Friday, January 05, 2007

Being browbeat

  I'm getting more and more bothered lately by the browbeating ways of my DH.  Or, am I overly sensitive and just a total wuss and tone of voice doesn't mean anything, as he states?  I don't know.  If the latter, then I just don't know the difference.  We HAVE been married for 27 years, so why is it bothering me more than usual now?  But the litany of injustices I feel continues to grow and I'm getting pretty depressed about it. 
  For instance, my chicken hobby was a LOT more fun before he got interested in it and decided that, as usual, everything should be done HIS way.  Now 3 out of my 4 chicken coops contain his breed of chickens, and he is agitating to get rid of more of MY chickens because, he says, I have too many in the coop (nesting house) that remains. He won't buy any chicken feed, but has decided to keep some roosters wayyyyy past optimum butchering time because he wants to have backups.  He complains bitterly if any of his chickens ever run low on the expensive natural feed I buy, but will only do any feeding himself out of his hand.  There's a lot more, but you get the idea.
  And there is the matter of my high cholesterol.  When I came home from the doctor with a month's supply of samples to take and lower it quickly (The doctor was so concerned when he got my lab results that he called me to come in right away and get the samples), he had a terrible fit that I was going to be adding yet another drug to the ones that control my fibromyalgia and anxiety.  I tried to stand up to him, but in the end, I agreed to wait for a month before taking the drug, and in the meantime, give up ice cream and regular cheeses, animal fats, etc.  He wants me to get another lab test then.  I DREAD telling the doctor I haven't started the meds yet when he was so concerned about me.  But its easier to upset the doctor than it is to stand up to DH.
  Sometimes I cry for no particular reason.
  Sounds like depression, doesn't it?
  I can just see me telling him I'm depressed.  He sometimes tries to pretend that he is understanding about such things, but under any kind of stress it comes out that he thinks depression is the own fault of the depressed person, and anybody with any intelligence at all will just decide not to be depressed and they won't be any more.  Therefore, if I'm depressed I must not be a. intelligent, b.have no will power, c. take your pick of any other character fault you can think of.
  I should be going to knit with my friends this afternoon, but he is so mean and nasty about me going to town EVERY DAY (not true) that I said I'd stay home today.  I do have to work again tomorrow, so I really didin't have a leg to stand on this time.  But this happens nearly every week.  Sometimes I can stand up to him, but mostly I can't.

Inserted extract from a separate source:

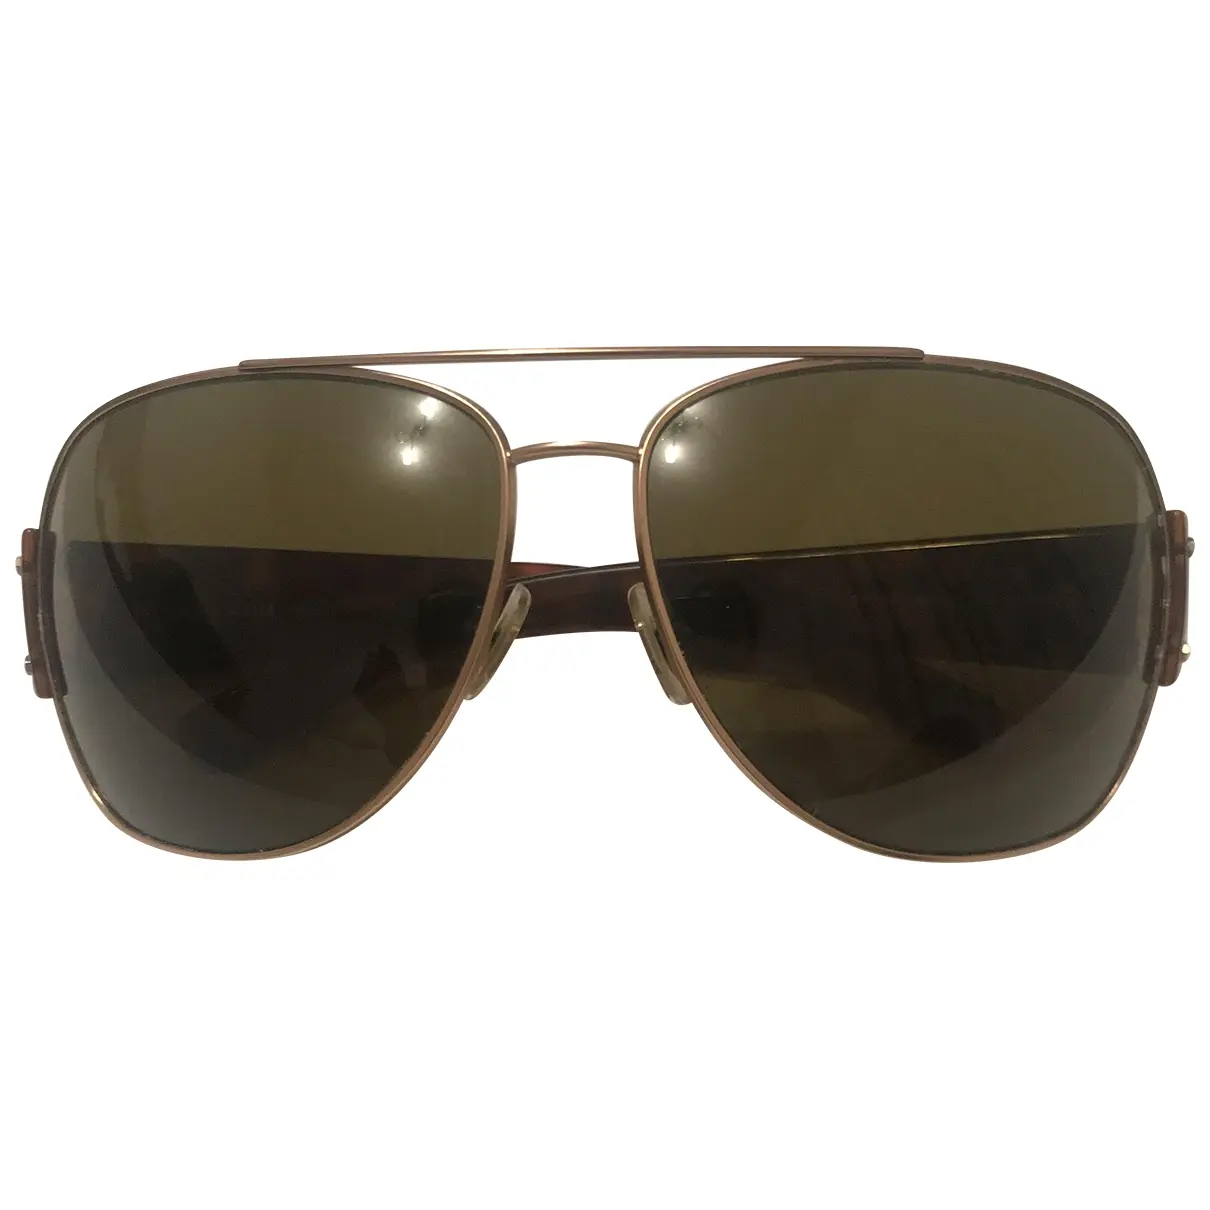 Aviator sunglasses Miu Miu - Vintage

  There are so many things I'm not supposed to do when he is home, like quilting, laundry, housework, anything on the computer, that I tend to spend marathons in the studio alternately quilting and working on the computer when he is gone.  But it really makes him mad to come home and find me in the studio, and heaven forbid he should try to call me and have me be on the internet.  He won't leave a message and is real mean about it when he comes home.  And I never know WHEN he is going to come home.  His work house vary a lot, and he frequently goes to Pat's afterward anyway, but I am supposed to be sitting quietly in a chair in a clean house with all laundry already done and put away anytime he arrives.  Needless to say, this is my most frequent failure in his eyes.  I don't keep up with housework very well because I head straight for the studio when he leaves and don't come out until a few minutes before I THINK he might come home.  And of course I often guess wrong and then have to sit there seething because I want to go on sewing or else I'm in trouble because he caught me in the studio.
  I guess you should take all of this with a grain of salt.  I can cope with all of it pretty well most of the time; I am just extra depressed about it right now.